Question

The product of LCM and HCF of two numbers is 48 and their difference is 8. Then the numbers are

Answer 1

SOLUTION :

$\underline{\bf{Given\::}}}}$

The product of L.C.M and H.C.F of two number is 48 & their difference is 8.

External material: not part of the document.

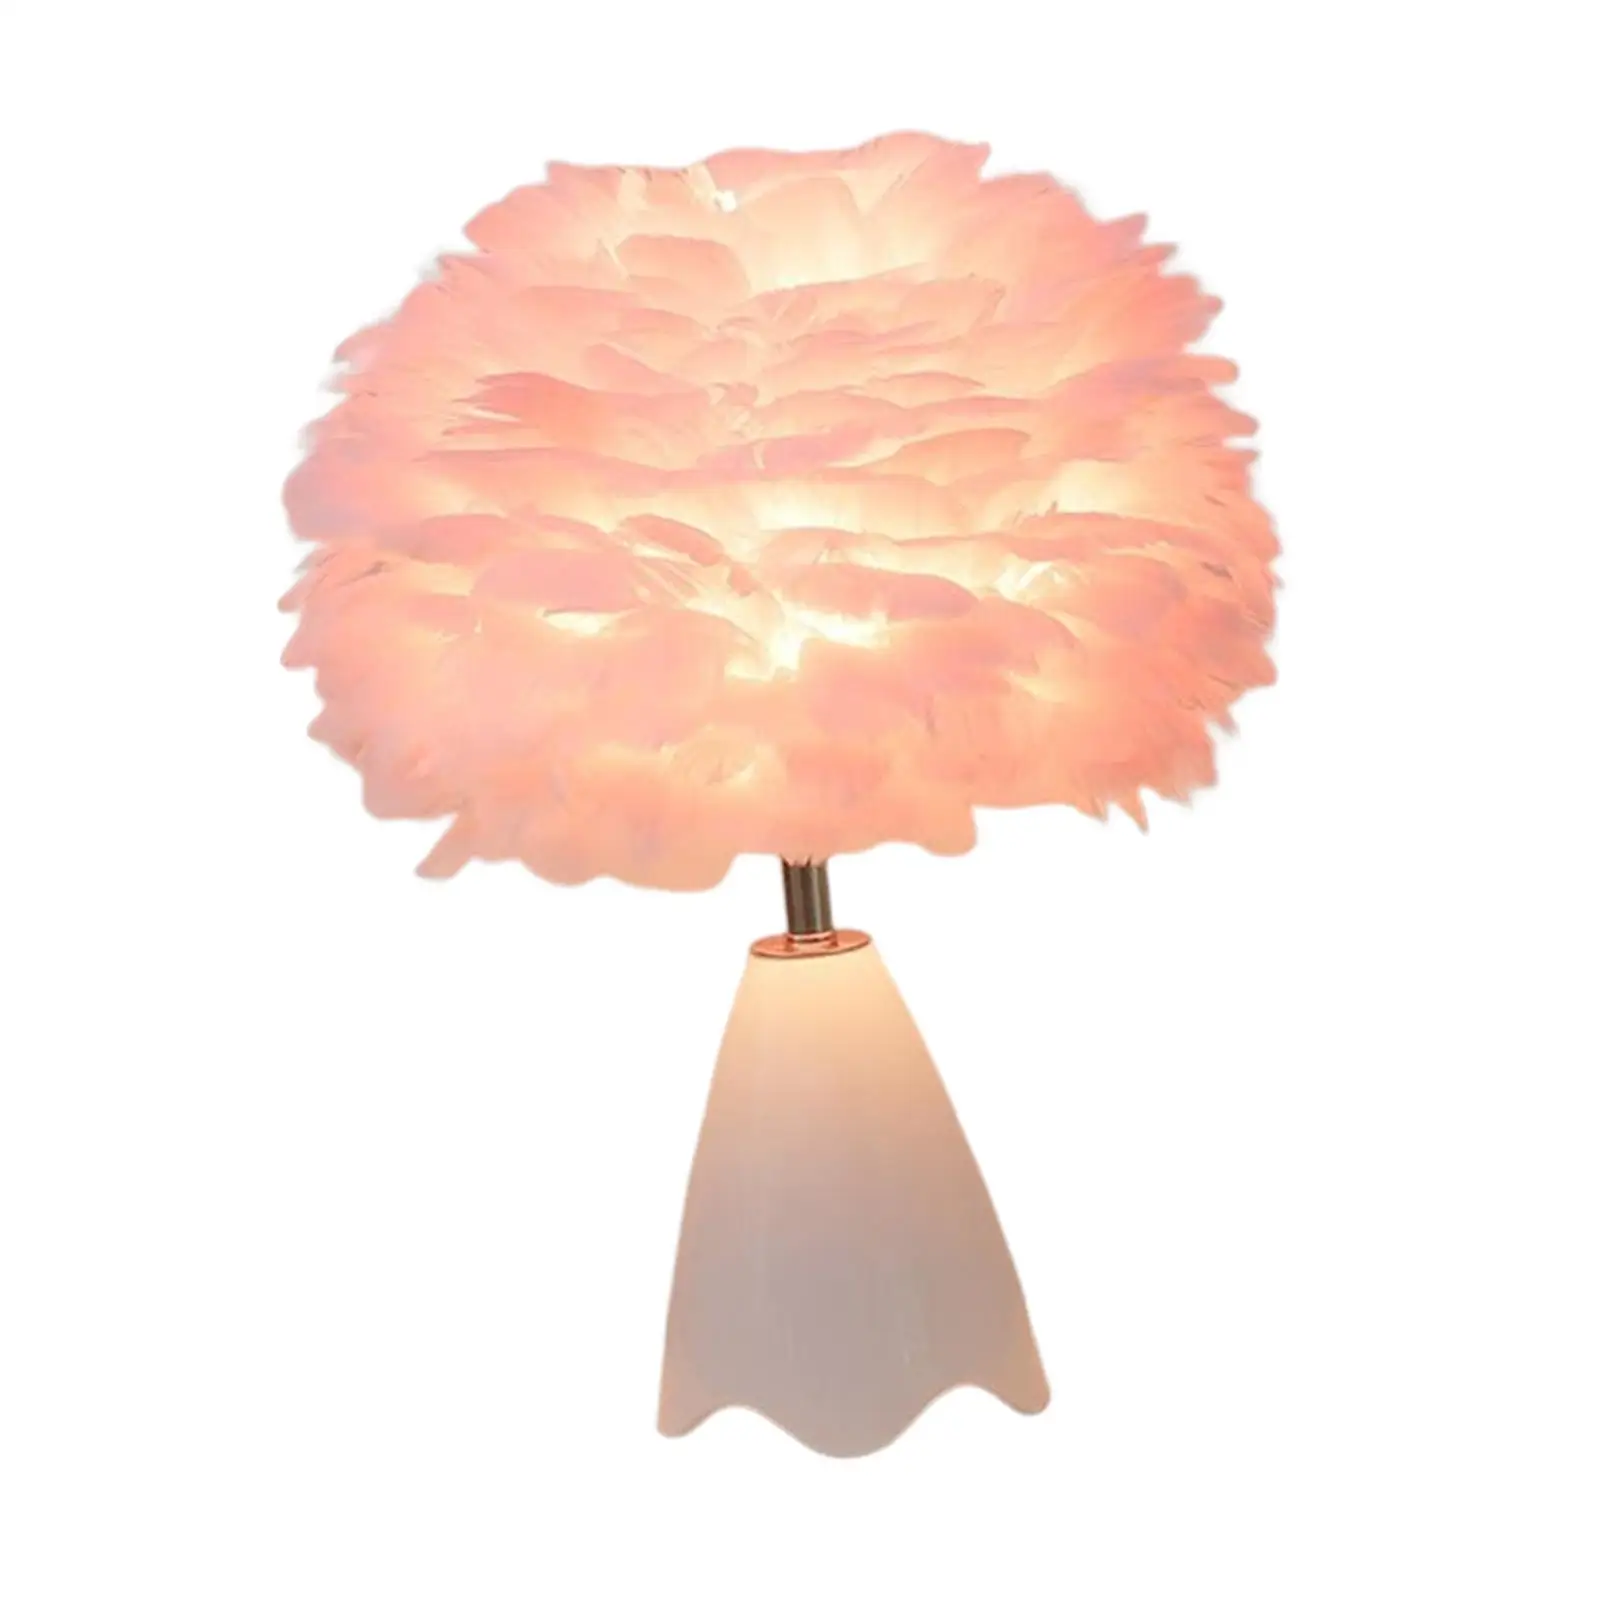 Feather Table Lamp Modern Night Light Elegant Ceramic Base for Living Room Decor Girls Gift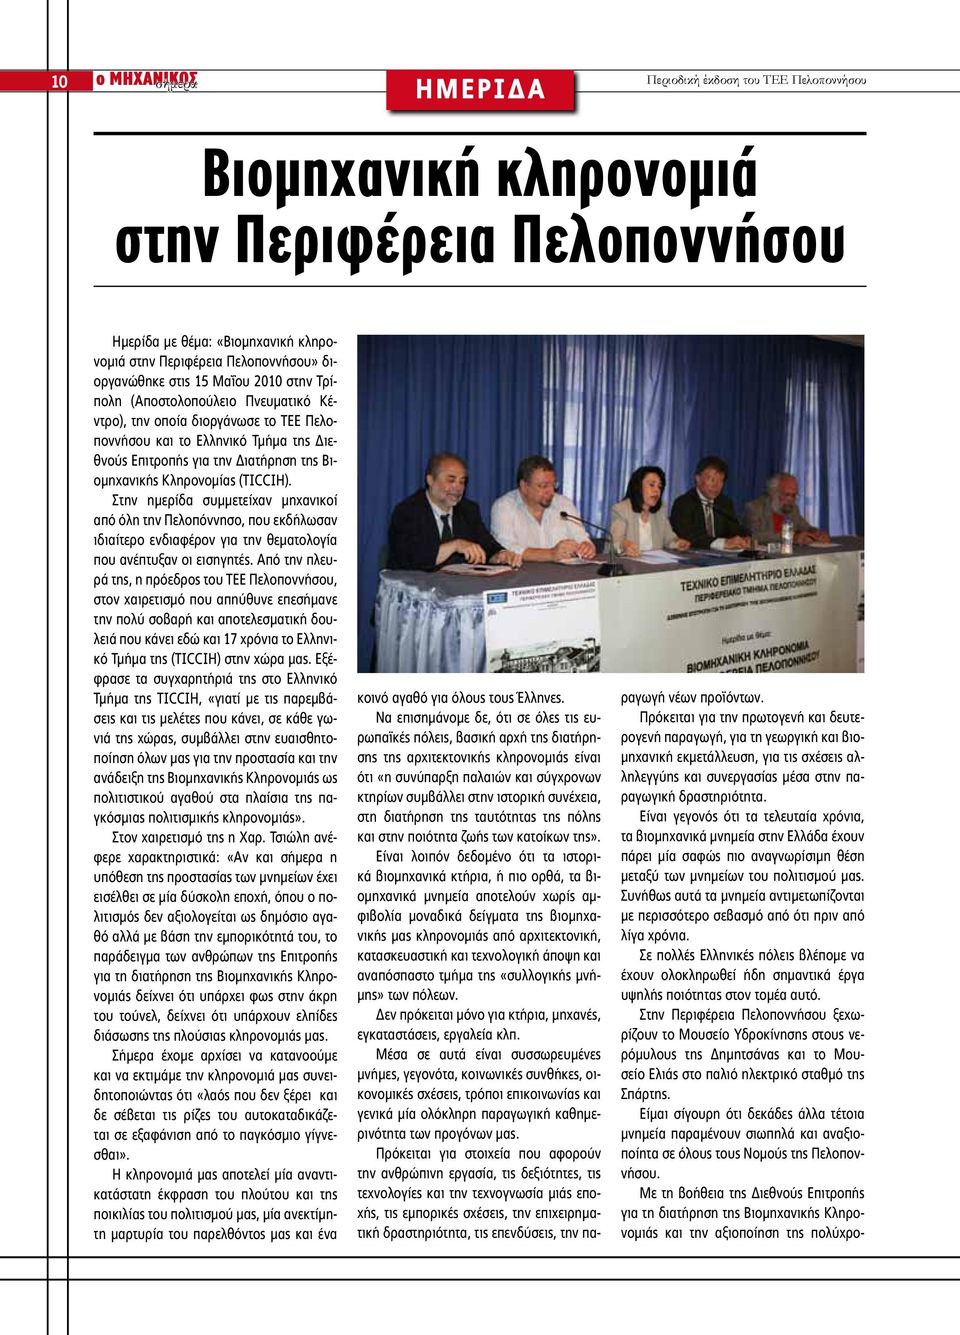 Βιομηχανικής Κληρονομίας (TICCIH). Στην ημερίδα συμμετείχαν μηχανικοί από όλη την Πελοπόννησο, που εκδήλωσαν ιδιαίτερο ενδιαφέρον για την θεματολογία που ανέπτυξαν οι εισηγητές.

$\underline{\bf{Explanation\::}}}}$

Let the two number be r & m

$\underbrace{\sf{According\:to\:the\:question\::}}}}$

$\longrightarrow\sf{r-m=8}\\\\\longrightarrow\sf{r=8+m....................(1)}$

&

We know that;

$\boxed{\bf{Product\:of\:two\:numbers=H.C.F\times L.C.M}}}}}$

$\longrightarrow\sf{rm=48}\\\\\longrightarrow\sf{(8+m)m=48\:\:\:[from(1)]}\\\\\longrightarrow\sf{8m+m^{2} =48}\\\\\longrightarrow\sf{m^{2} +8m-48=0}$

By using quadratic Formula :

$\boxed{\bf{\frac{-b\pm\sqrt{b^{2}-4ac } }{2a} }}}}$

As we know that given equation compared with ax² + bx + c;

• a = 1
• b = 8
• c = -48

Now;

$\longrightarrow\sf{x=\dfrac{-8\pm\sqrt{(8)^{2} -4\times 1\times (-48)} }{2\times 1} }\\\\\\\longrightarrow\sf{x=\dfrac{-8\pm\sqrt{64+192} }{2}} \\\\\\\longrightarrow\sf{x=\dfrac{-8\pm\sqrt{256} }{2} }\\\\\\\longrightarrow\sf{x=\dfrac{-8\pm16}{2} }\\\\\\\longrightarrow\sf{x=\dfrac{-8+16}{2} \:\:Or\:\:x=\dfrac{-8-16}{2} }\\\\\\\longrightarrow\sf{x=\cancel{\dfrac{8}{2}} \:\:Or\:\: x=\cancel{\dfrac{-24}{2}}}\\\\\\\longrightarrow\bf{x=4\:\:Or\:\:x\neq -12}$

Putting the value of x = 4 (m) in equation (1),we get;

$\longrightarrow\sf{r=8+4}\\\\\longrightarrow\bf{r=12}$

Thus;

The numbers will be 12 & 4 .